The research has the potential to make a significant impact since Kenya's agriculture sector contributes 30 per cent to the country’s GDP and accounts for 80 per cent of national employment. 

Shipments of fine beans to the UK and the EU account for 70 per cent of the country’s total vegetable exports and 21 per cent of its horticultural exports. 

About 60 per cent of fine bean exports are produced by more than 50,000 Kenyan smallholder farmers acting as growers for commercial farms. It is therefore a crop with great potential to address food insecurity, income generation and poverty alleviation. 

Kenya’s total production of fine beans is approximately 62,400 tonnes a year, however with only 60 per cent 'pack-out' (due to rejections), realised exports are only 37,400 tonnes. 

Phase 1 trials

Results from their Phase 1 trials conducted in 2021 indicate that the PAM application technologies they have developed can reduce soiling by up 67 per cent. 

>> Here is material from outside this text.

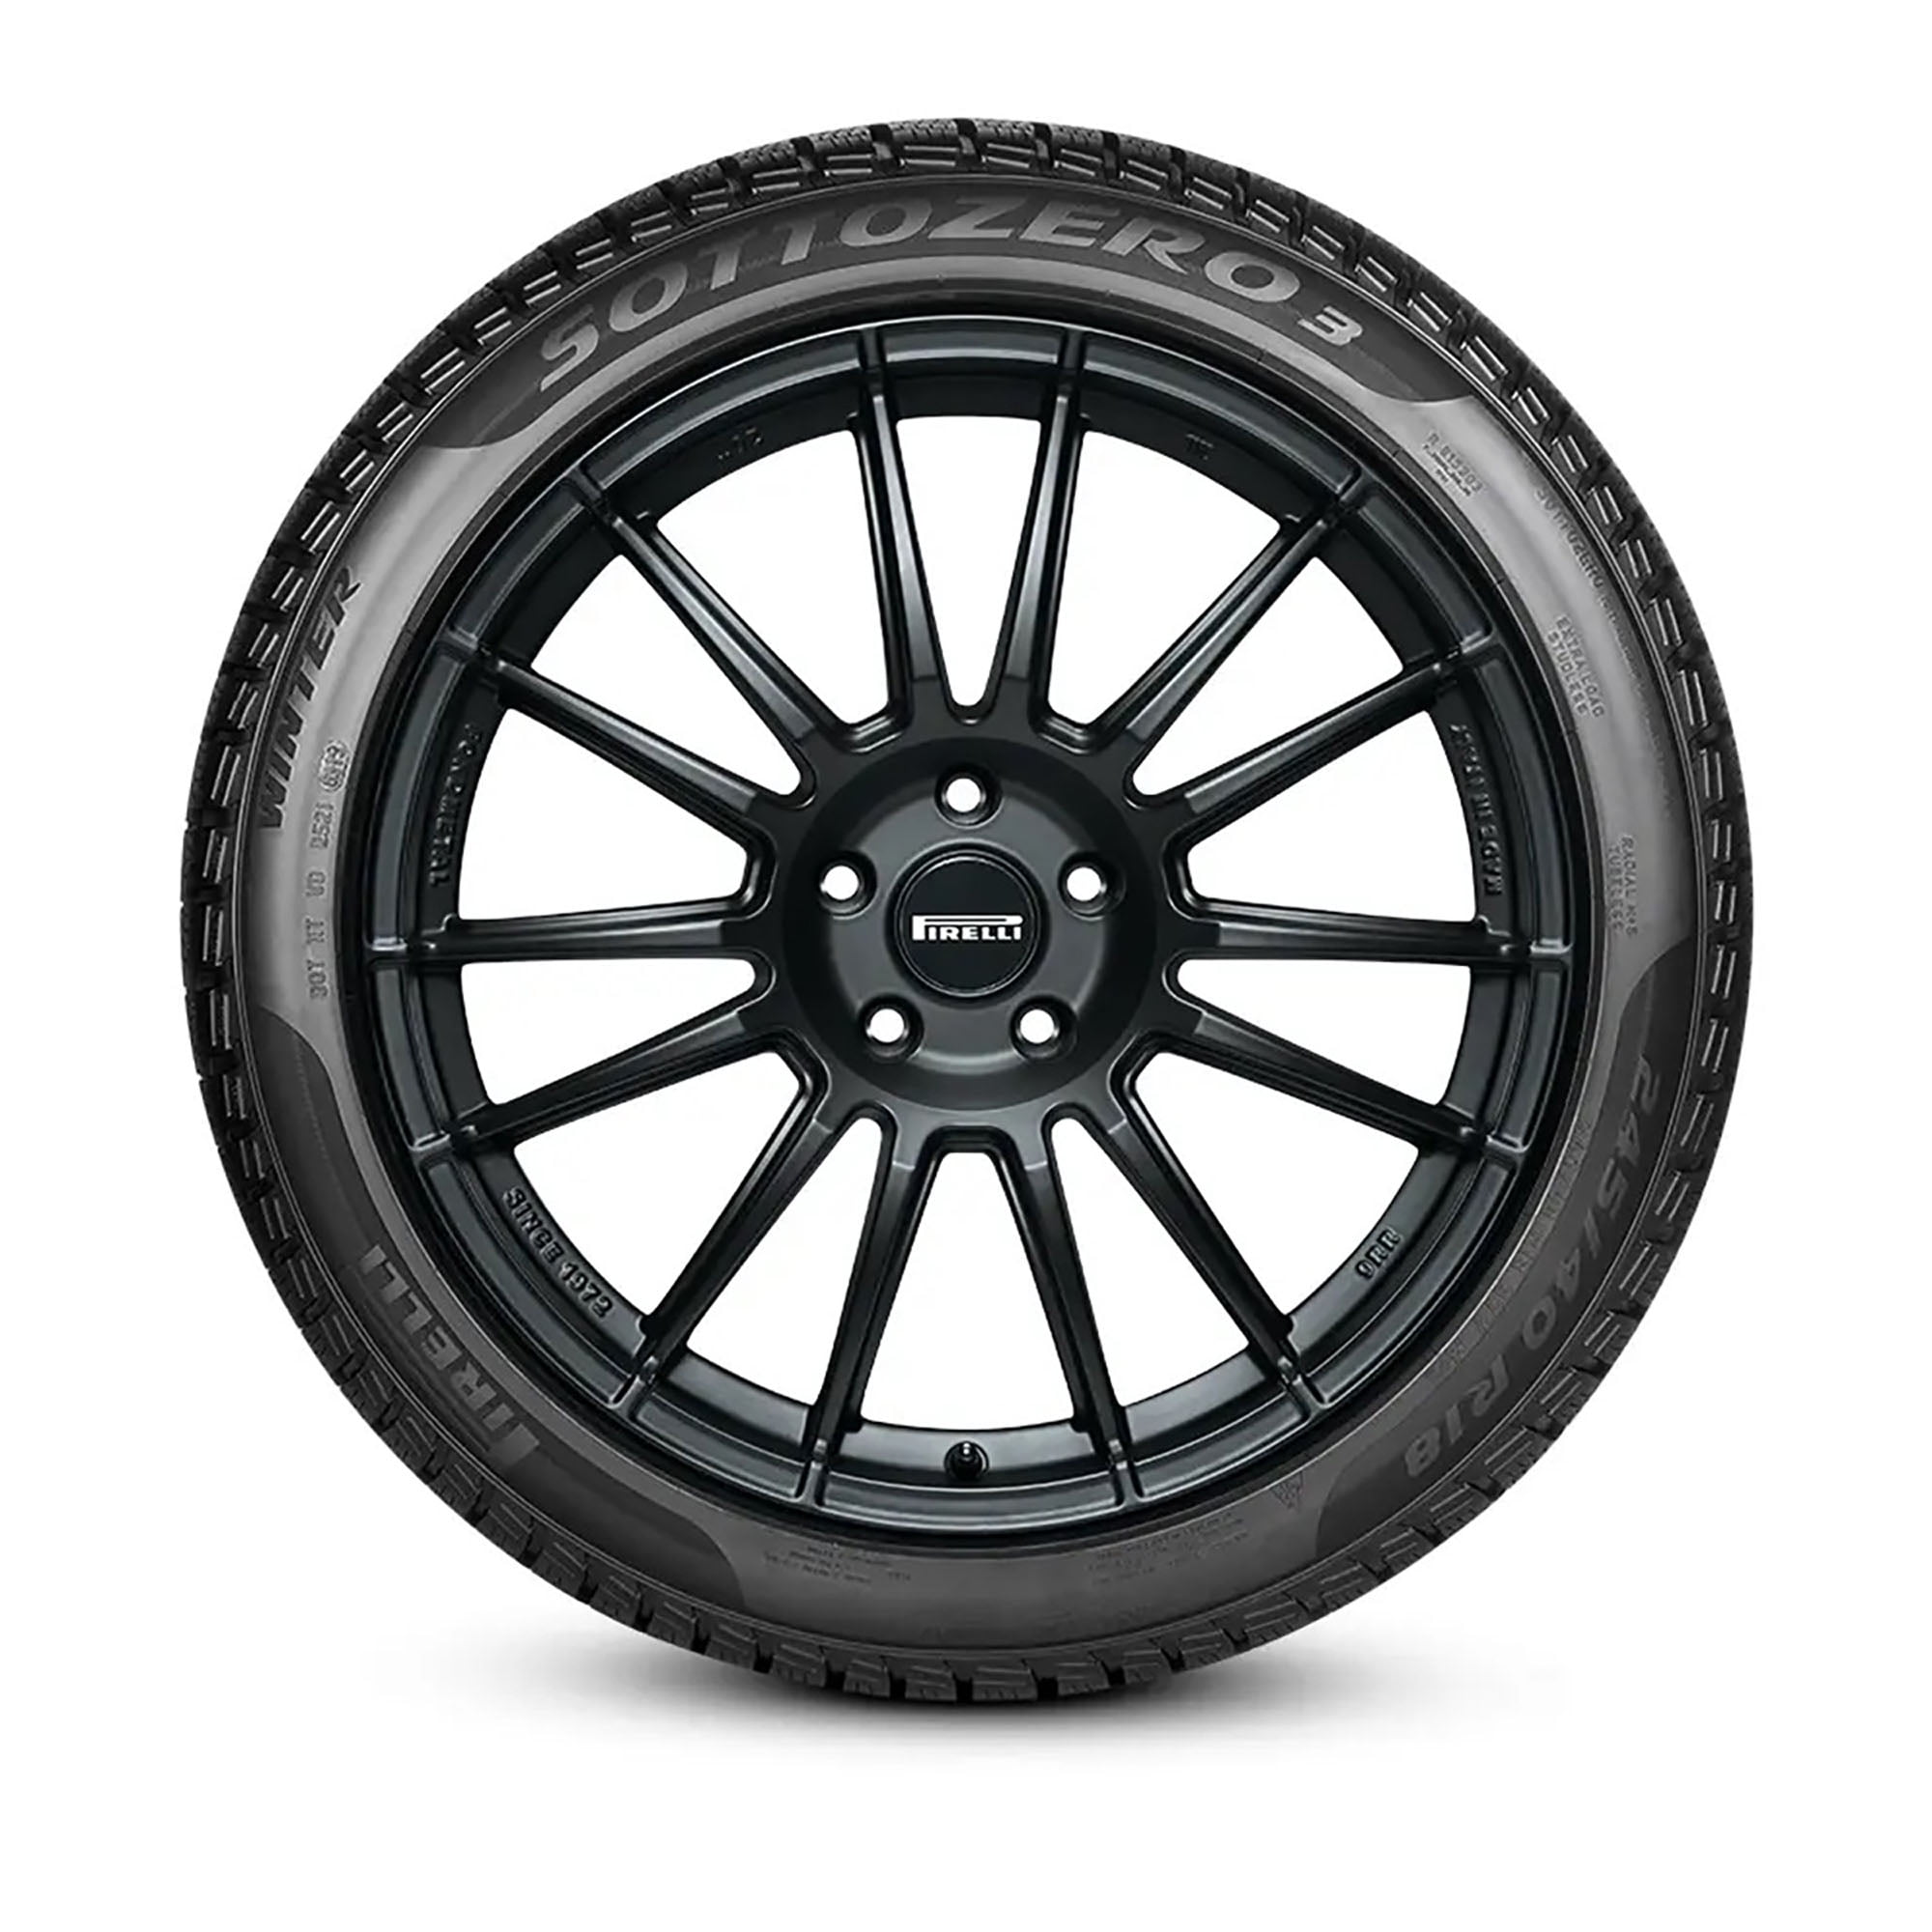 Pirelli Winter Sottozero 3 Winter 245/35R21 96W XL Passenger Tire

Applying PAM products to the soil surface can thus effectively increase marketable yields, limit the number of rejections, reduce water consumption and increase farm revenue for bean farmers, the consortium said, adding that this was achieved without any negative impact on yield.

Phase 2 trials

As part of the current Phase 2 field trial in 2021/2022, the team will assess the effect of the timing of spray application and the effect of repeated applications on reducing soiling as well as other quality defects. 

A qualitative assessment of the impact of reducing soil splash on Halo Blight incidence and severity will also be undertaken as well as impacts on post-harvest shelf life. 

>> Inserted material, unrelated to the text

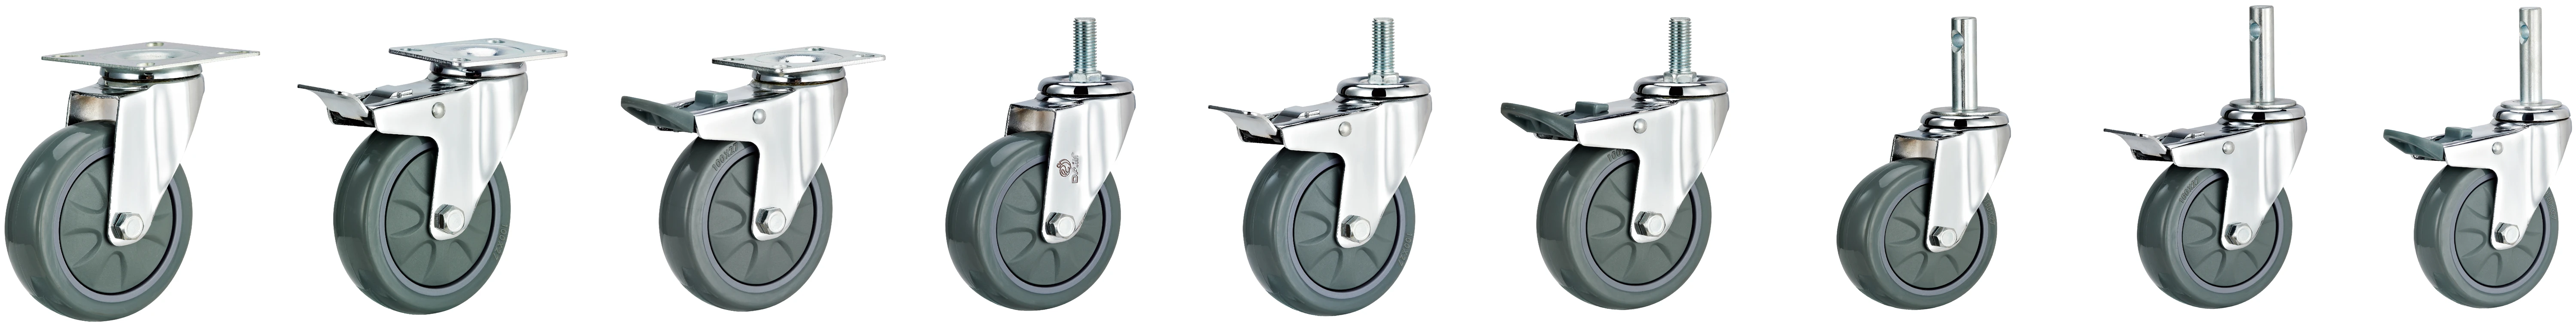 Dajin caster light duty small swivel caster wheels threaded for trolleys

The team, supported by SNF, will further explore appropriate means of establishing a distribution network to deliver PAM to farmers, coupled with outreach and education capabilities to train farmers in its correct application. 

In the UK, the US and Australia, anionic PAMs are used as soil conditioners, and the researchers will meet with regulatory agencies in Kenya, such as KEPHIS (Kenya Plant Health Inspectorate Service), to determine the steps required to get PAM licensed for commercial use as a soil conditioner.

Through the project, smallholder farmers will receive training in practical ways to cost-effectively apply PAM to their fields for enhanced pack-out, and thus a stronger position in the market. 

The consortium added that its findings will be applicable to suppliers of other irrigated vegetables in countries where reductions in soil splash contamination are needed to deliver economic and agronomic returns in the face of climate change challenges, particularly in areas predicted to experience more intense and variable rainfall patterns.

The consortium

The project, entitled Novel polymer-based technologies to reduce waste and enhance incomes for smallholder and commercial fine bean growers in Kenya, is led by Provenance Partners, who trade in fresh produce for the UK’s retail and wholesale sectors. 

Agronomic and scientific expertise is provided by Cranfield University, specialists in research on sustainable soil management, horticultural crops and their interactions with the soil environment. 

The Kenyan team comprises Vegpro, major exporters of fresh produce to the UK and European markets from Africa, as well as Dudutech IPM, which specialises in Integrated Pest Management solutions. 

The field trials, monitoring and evaluation is being led by AGS, an ecological consultancy group in Kenya. And technical expertise regarding polymer formulations and the innovative Twin-Fluid Nozzle PAM Sprayer are provided by SNF.